下一章 上一章 目录 设置
6、国子监 国子监系东 ...
-
国子监系东齐最高学府,其中授课教学的学士大夫都是赫赫有名的博学大儒,但凡中级官员子女都会坐监读书,就连皇子们也在此挂名,虽然一般不与勋贵子弟同堂学习,但是平日里也能见上几面。
所以,国子监又是勋贵子弟间的社交圈,里面许多的哥儿们成年后都会袭爵,许多姑娘们以后也会成为各大世家的当家主母,东齐下一代的中流砥柱,都在这么一个小小的国子监里。

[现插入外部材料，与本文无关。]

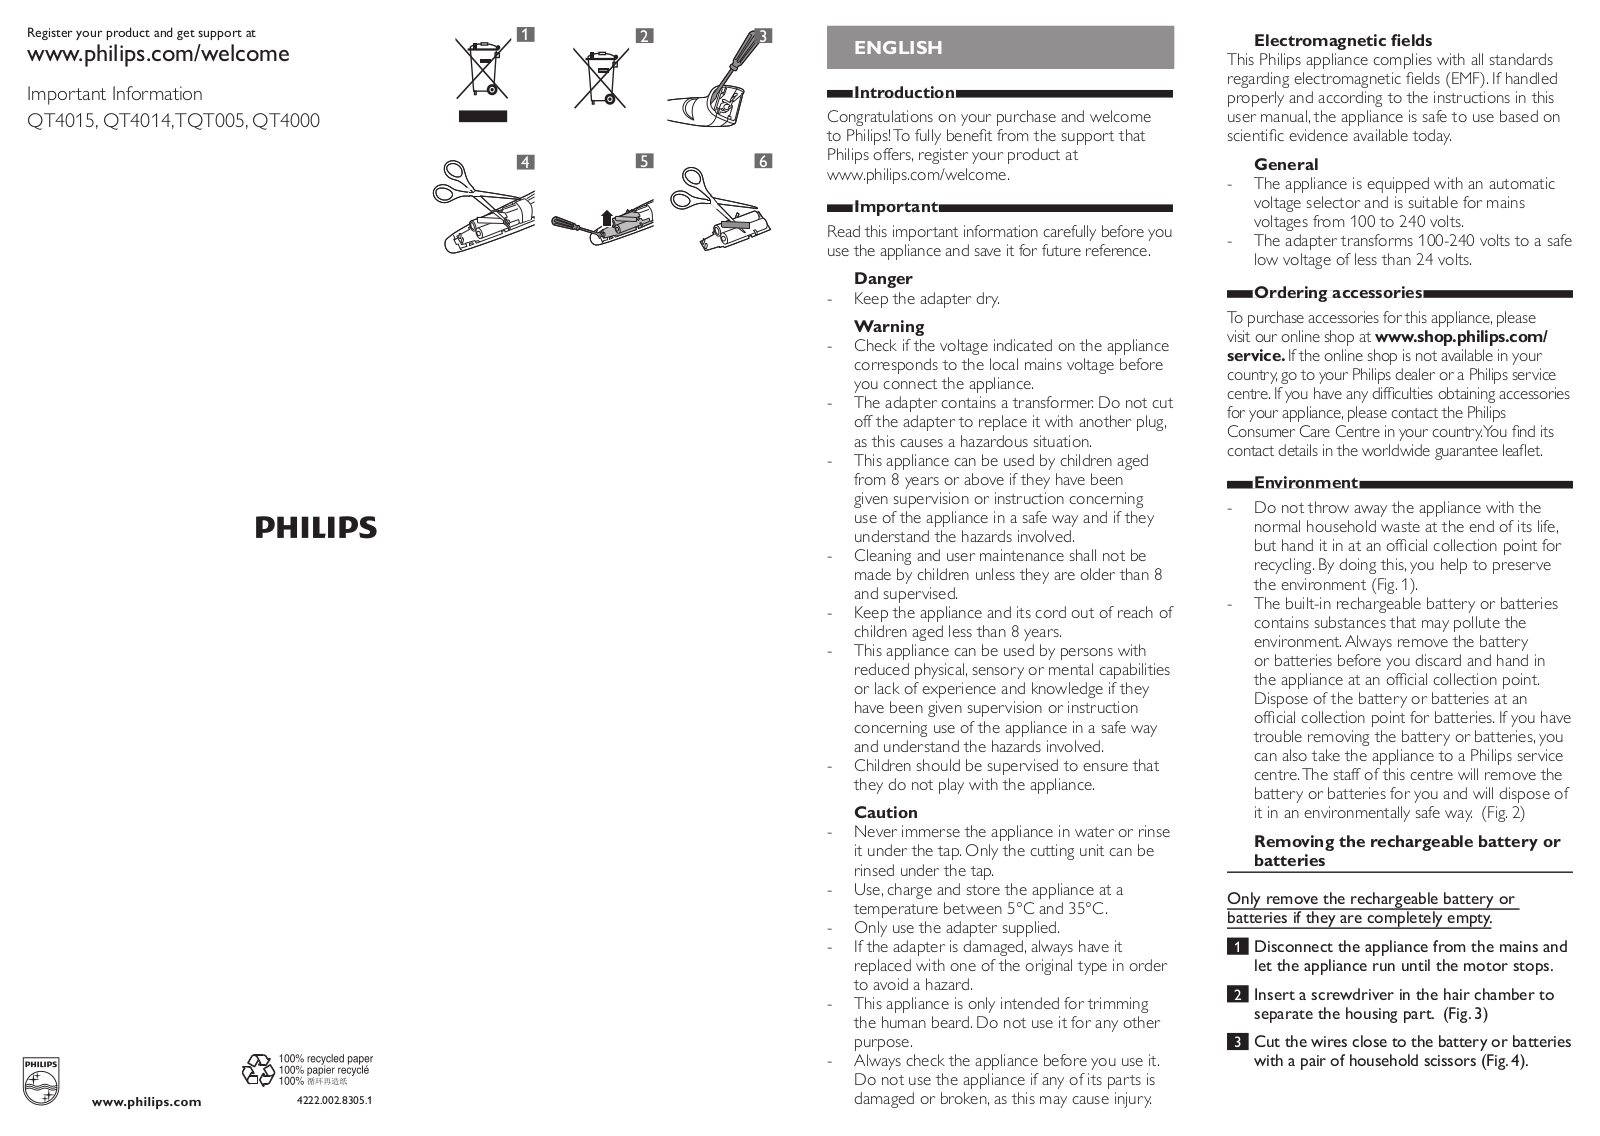 Philips QT4014/42, QT4000/42 Important Information Manual
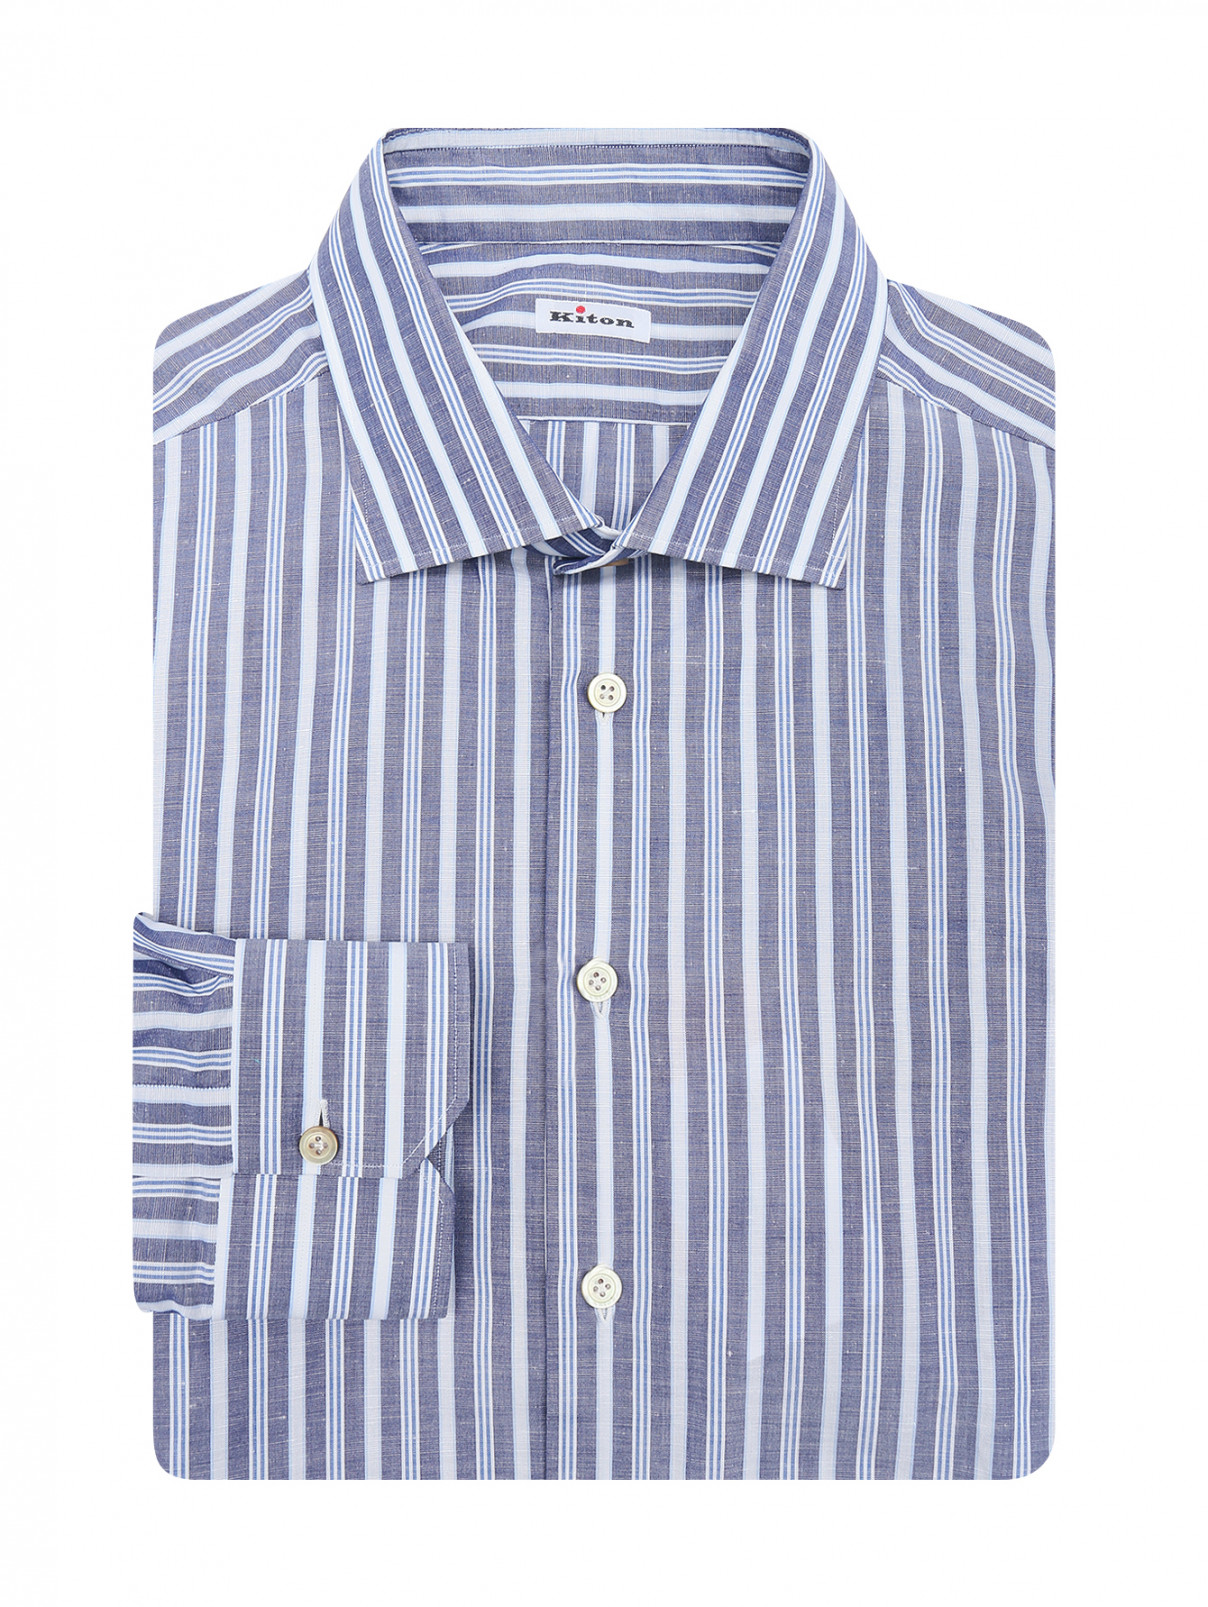 Рубашка из хлопка с узором Kiton  –  Общий вид  – Цвет:  Синий

但是入学国子监,需要通过每年开春和初秋举办的馆试,通过方能挂名。上一世的赵姝自然是没有通过的,因此在这贵女圈中一向插不上话,所以在这金陵城,军功赫赫的大房却比不上二房三房那般更得人心,糟了难的时候竟没有一个宗室愿意伸出援助之手。
曾经的她或许还会怨怼东齐子弟的赤子之心,但经过上一世的种种,便也看清楚了,大难当头,你没有理由要求别人冒着满门尽灭的风险来帮助一个毫无半点情分的宗室家族。
这世间情义之人固有,但人不为己,天诛地灭。
赵姝坐在马车里,有些好奇道,“长姐让我去国子监,所为何事?”
“奴婢不知。”
赵姝碰了个钉子,自知理亏,就也没说话。她与赵莞关系不好,赵莞身边的丫鬟更是觉得她拖累了赵莞,所以对她一向没有好脸色。是以一到国子监,司琴就忙不迭地说,她要去请赵莞,让她在广业堂稍等片刻。
因为到的时辰已晚,学堂里已然开课,偌大一个国子监,只有零星几个公子小姐歇息在广业堂里,闲聊着最近金陵城里的趣事,诸如景国公家的小公子进了京城,柴郡主又求了祝太后赐婚,宁王殿下要选谁做伴读等等。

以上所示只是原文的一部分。